We further find the concept of utility which operationalizes preference satisfaction. Utility is a hidden variable within a person which encodes how much value a certain option has for that person. Much like the subjective feelings used in psychology, utility cannot be measured explicitly.

However, there are a couple of assumptions that are linked with utility that are used in the

operationalization of utility. The first is that choices are transitive. A simple example is that receiving €10 will increase one’s utility by a certain amount. If receiving €100 is better than receiving €10, and receiving €1000 is better than €100, then by the law of transitivity, receiving €1000 is better than receiving €10, and receiving €10 will never be better than €1000. In a generalized form: if a > b > c, then a > c, and c > a will never happen.

A further consequence of the transitivity of choice is that the utility function is monotonic, which means that the effect of having more of a certain good or experience will always either increase or decrease one’s utility. For example it cannot be that receiving €100 increases one’s utility, while a further gain of another €100 slightly decreases one’s utility. The monotonicity of the utility function does allow for diminishing returns on utility, in that the first €100 will increase one’s utility more than the second €100. That is to say that the current level of one’s resources (in this case wealth) affects how much utility one receives from obtaining more of these resources.
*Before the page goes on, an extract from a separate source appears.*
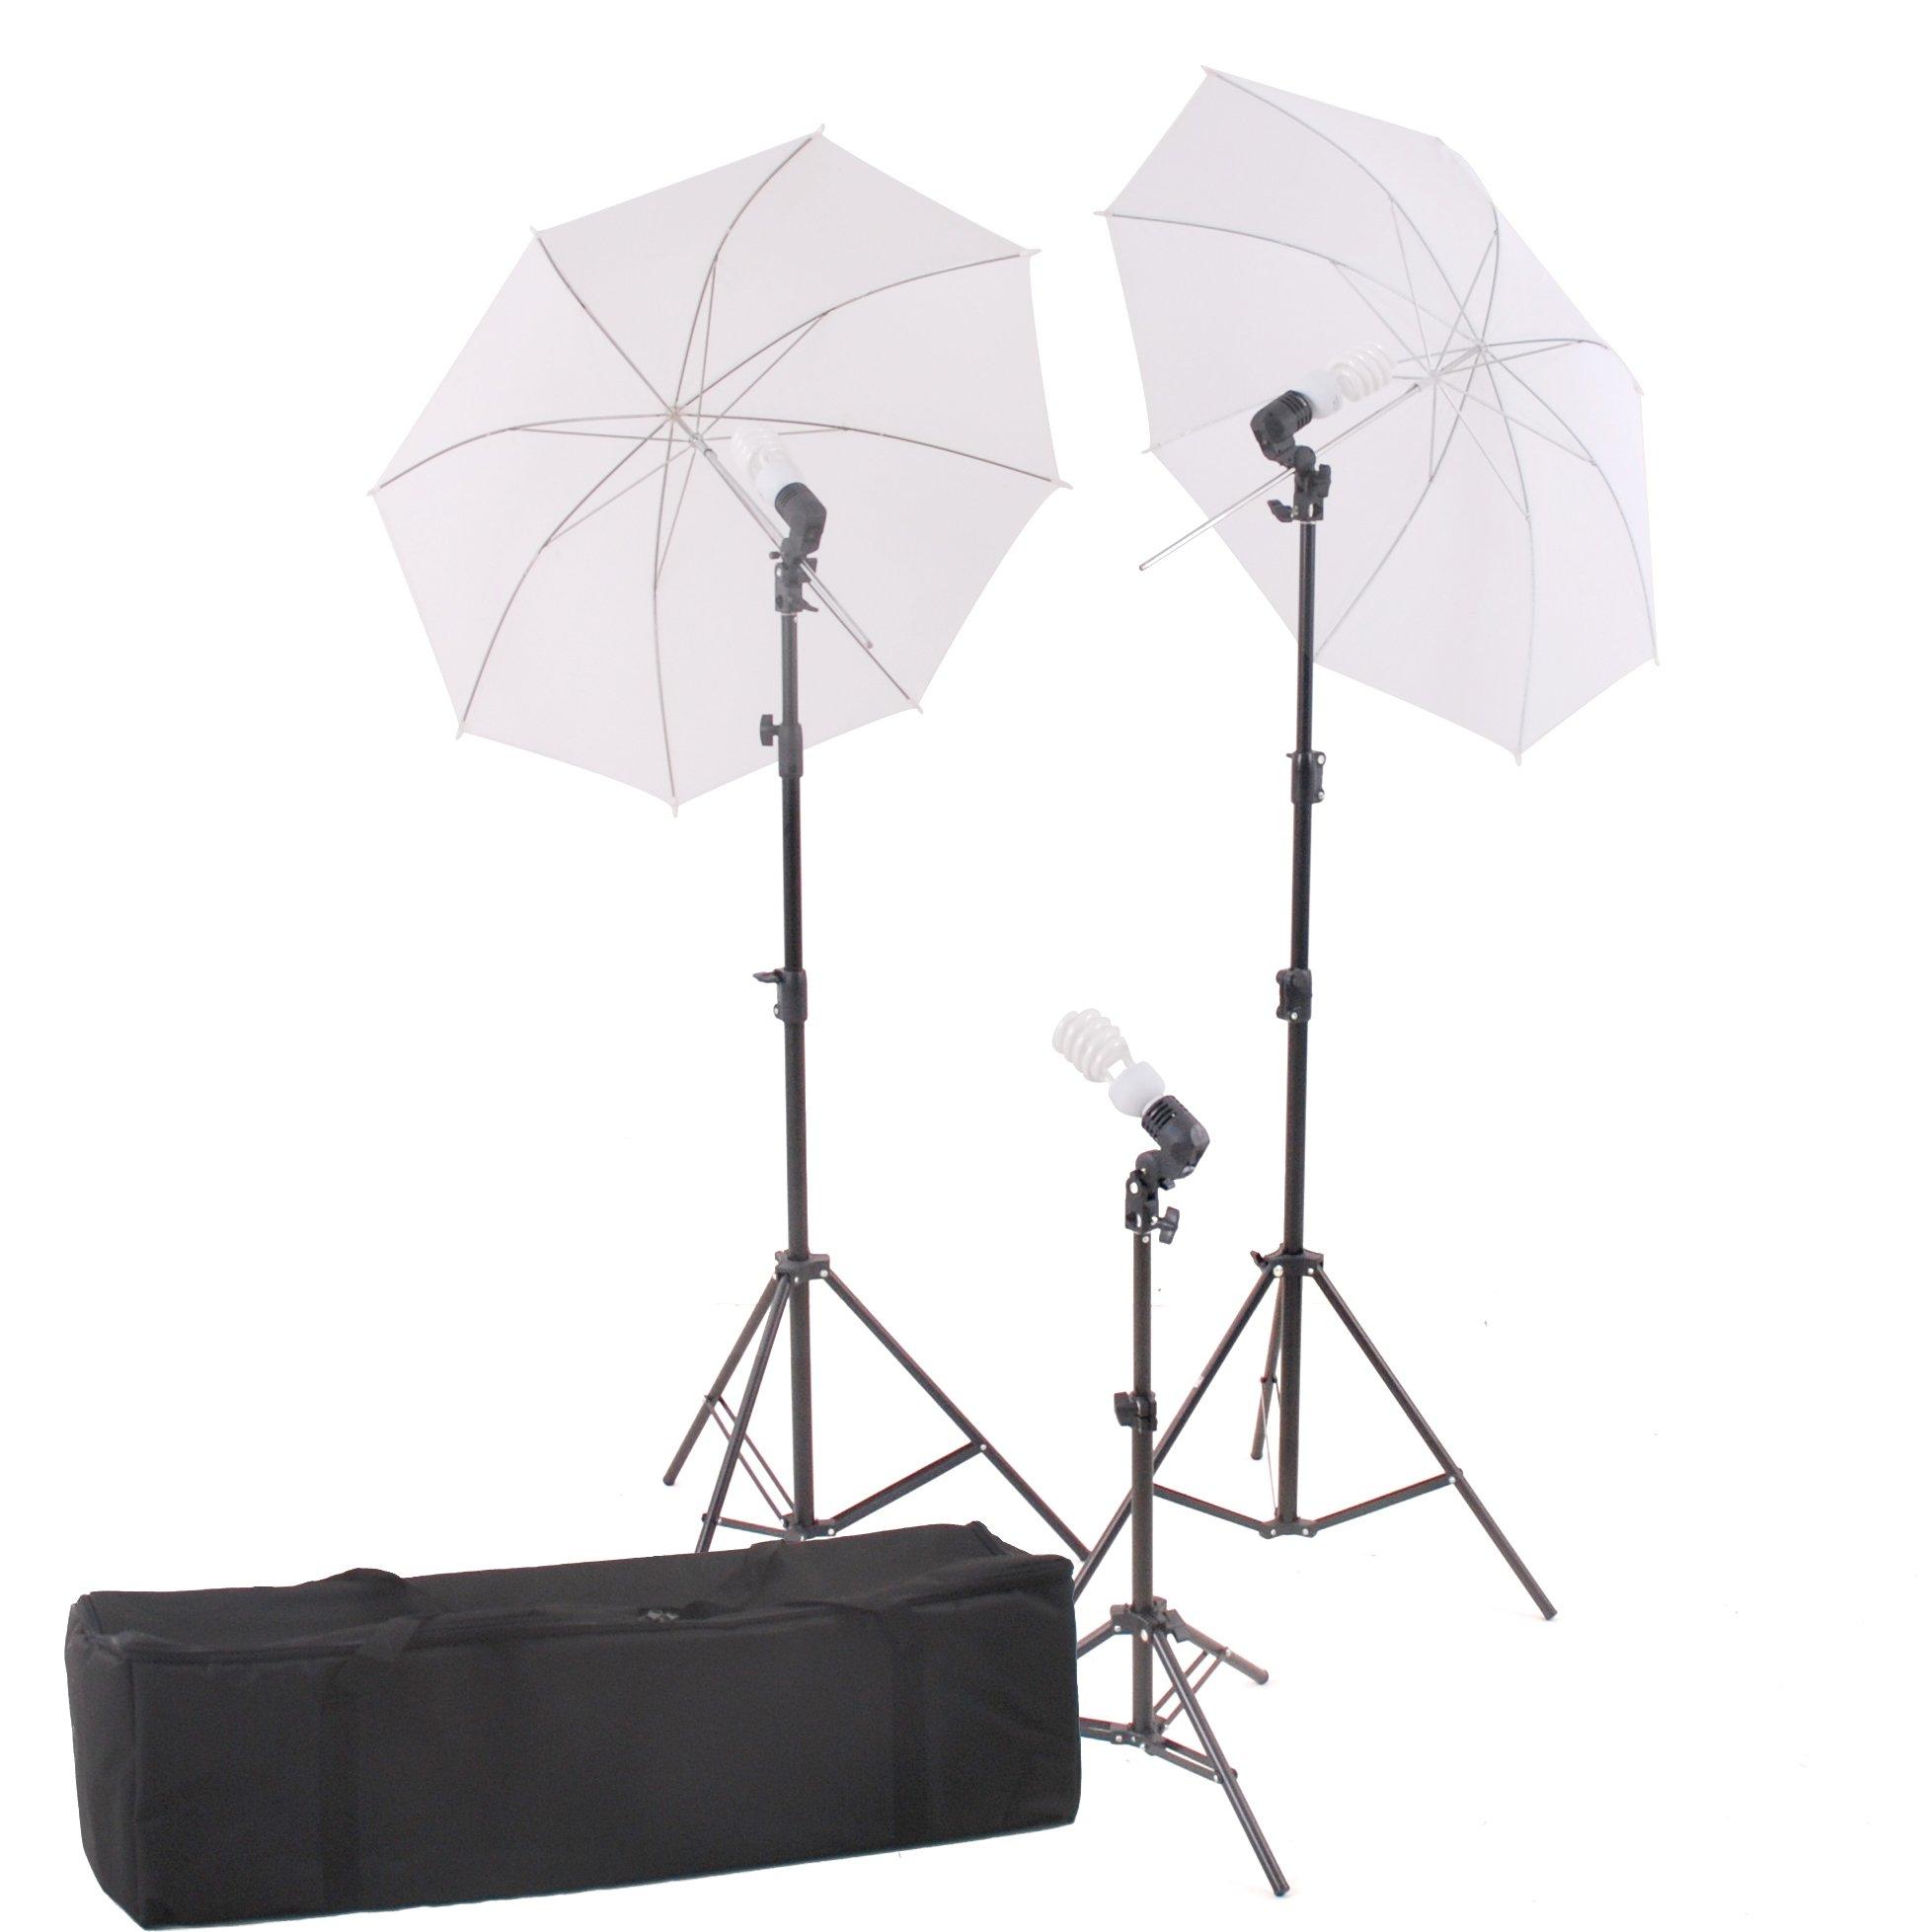 StudioFX Photography Photo Portrait Studio 600W Day Light Umbrella Continuous Lighting Kit by Kaezi CHDK3 by StudioFX

This brings us to a further assumption that is made: a person objectively knows how much he or she has of a certain resource, and can predict how much utility they will gain from obtaining more of that resource. A person can compare how much utility they will gain from choices that they can make, and will base their choice on this comparison. That is to say: agents will act “rationally” so as to maximise the degree to which their preferences are satisfied.

By using this operationalization, neo-classical economists can conclude that if a person chooses state X over state Y, then the utility that person gets in state X is above that received in state Y. Thus by inferring from choices, we can reveal preferences and make an ordinal ordering of which choices give people more utility.

Our previous use of income follows from the idea that income can be used as a measure of welfare: “The rationale is that, given the relative prices they face, people individually or collectively are free to

spend their money in whatever way maximizes their satisfactions” (Denison, 1971.) Thus how many

opportunities people have for choice, or how much money they have, has become synonymous to welfare or well-being.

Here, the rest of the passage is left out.